R.J. Rushdoony: 52:19 Sweep an accordant tones, thy tuneful harp and leaving vain laments, arouse thy soul to exaltation. Sing hosanna, sing and hallelujah for the Lord if great and full of mercy. Magnificent, I think. Then to glance at some other minor poets but very real poets. Charles Kingsley is better known for his books, especially Westward Ho, which when I was a boy was read in school and was a delight. This poem indicates that he was capable of genuine poetry. Oh, that we too were maying down the stream of the soft, spring breeze like children with violets playing, in the shade of the whispering trees. Oh, that we too sat dreaming on the sward of some sheep, trimmed down, watching the white mists steaming over river and mead and town. Oh, that we too lay sleeping in our nest in the churchyard sod, with our limbs at rest and the quiet earth’s breast and our souls at home with God.
R.J. Rushdoony: 53:49 That poem was in the spirit of Gray’s Elegy. There was a time when churchyard poetry was very popular in England but now another from an English poet, William Allingham. Memory of childhood, half waking, I thought it was the little bed in slept in long ago. A straight white curtain at the head and two smooth knobs below. I thought I saw the nursery fire and in a chair well known my mother sat and did not tire of reading all alone. If I should make the slightest sound to show that I am awake, she’d rise and laugh at the blankets around my pillows softly shake, kiss me and turn my face to see the shadows on the wall and then sing Russo’s Dream to me till fast asleep I fall. But this is not my little bed. That time is far away. Among strangers cold I’d live instead, from dreary day to day. There was much of beauty in some of the old nursery rhymes too. I like this one, which doesn’t say anything of meaning that I can grasp but yet it does. It suggests something.

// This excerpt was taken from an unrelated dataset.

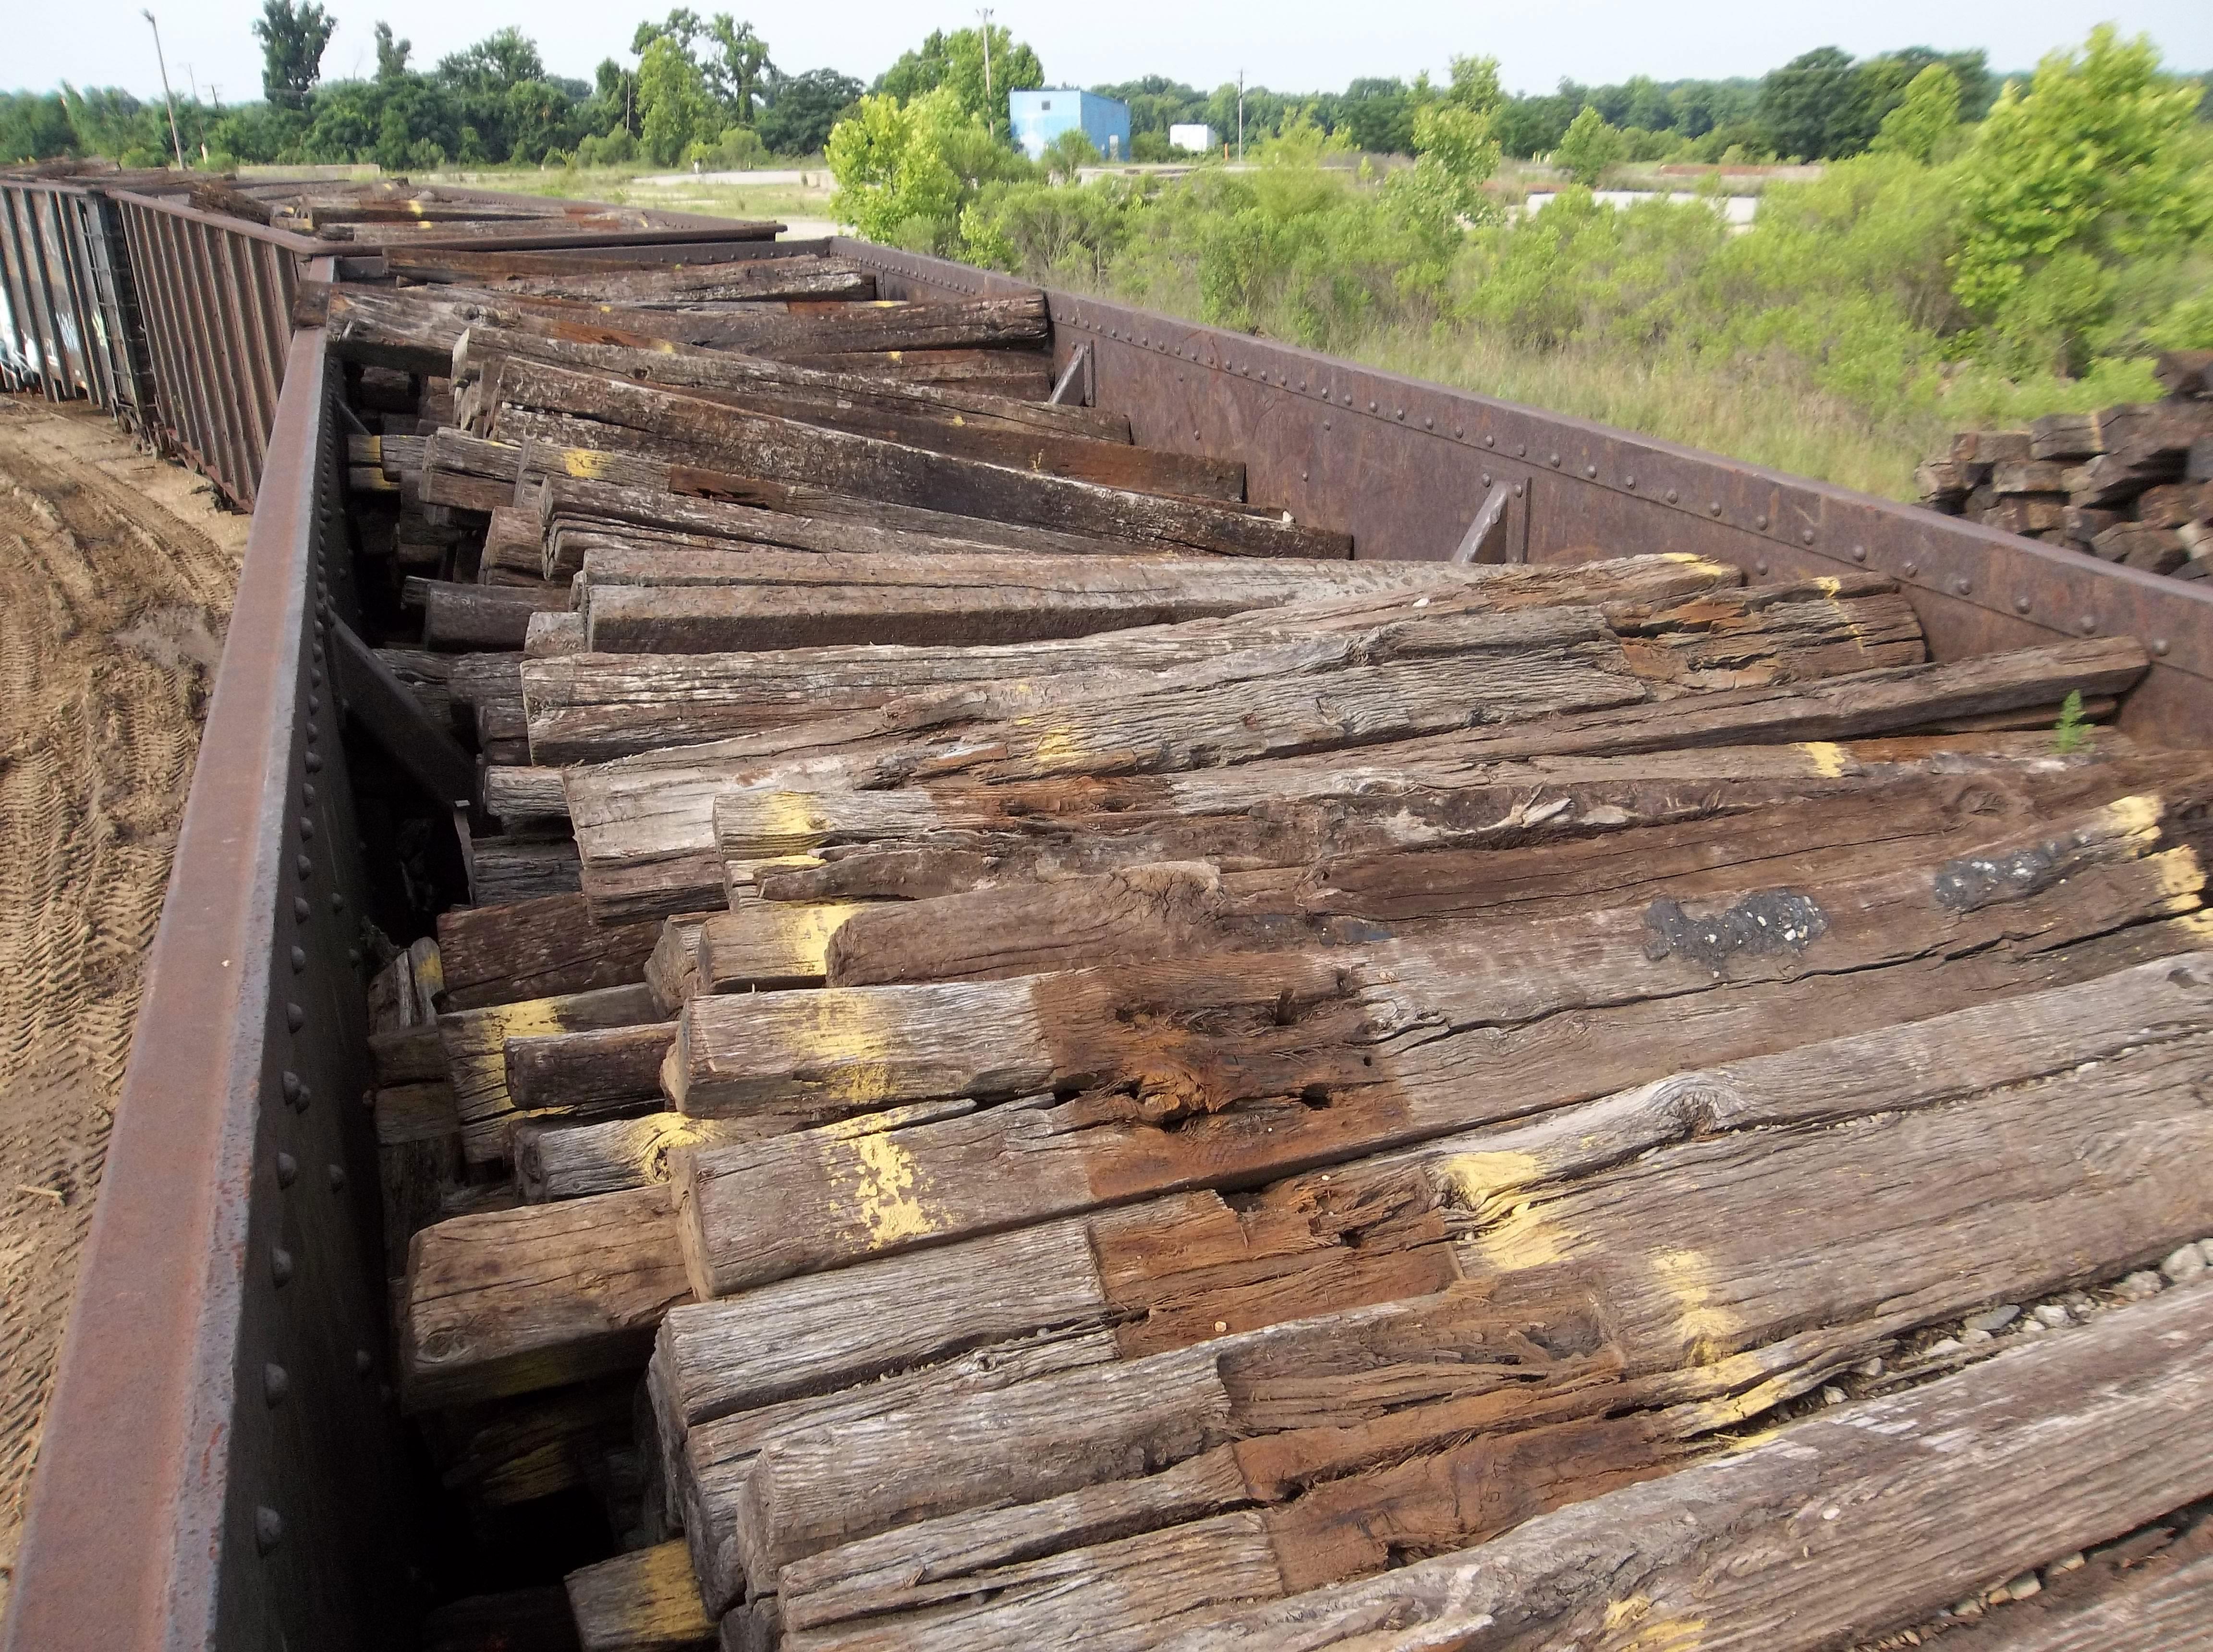 railroad tie disposal photo - 1

R.J. Rushdoony: 55:34 How many miles to Babylon, three scores in ten? And I get there by candlelight, yes, and back again. Well, it’s been good to be with you again. I’ll look forward to our next visit, two weeks from now. It’s Spring and the air is good and lush and restful and perhaps you can hear out bantam roosters crowing in the background. It’s a sound I love. So, I hope the tape picked it up. It’s a good sound. It’s a good world. God rules and so we can rejoice. We can fight to victory because greater is he that is with us than he that is in the world. If God be for us, who can be against us? Thank you and God bless you.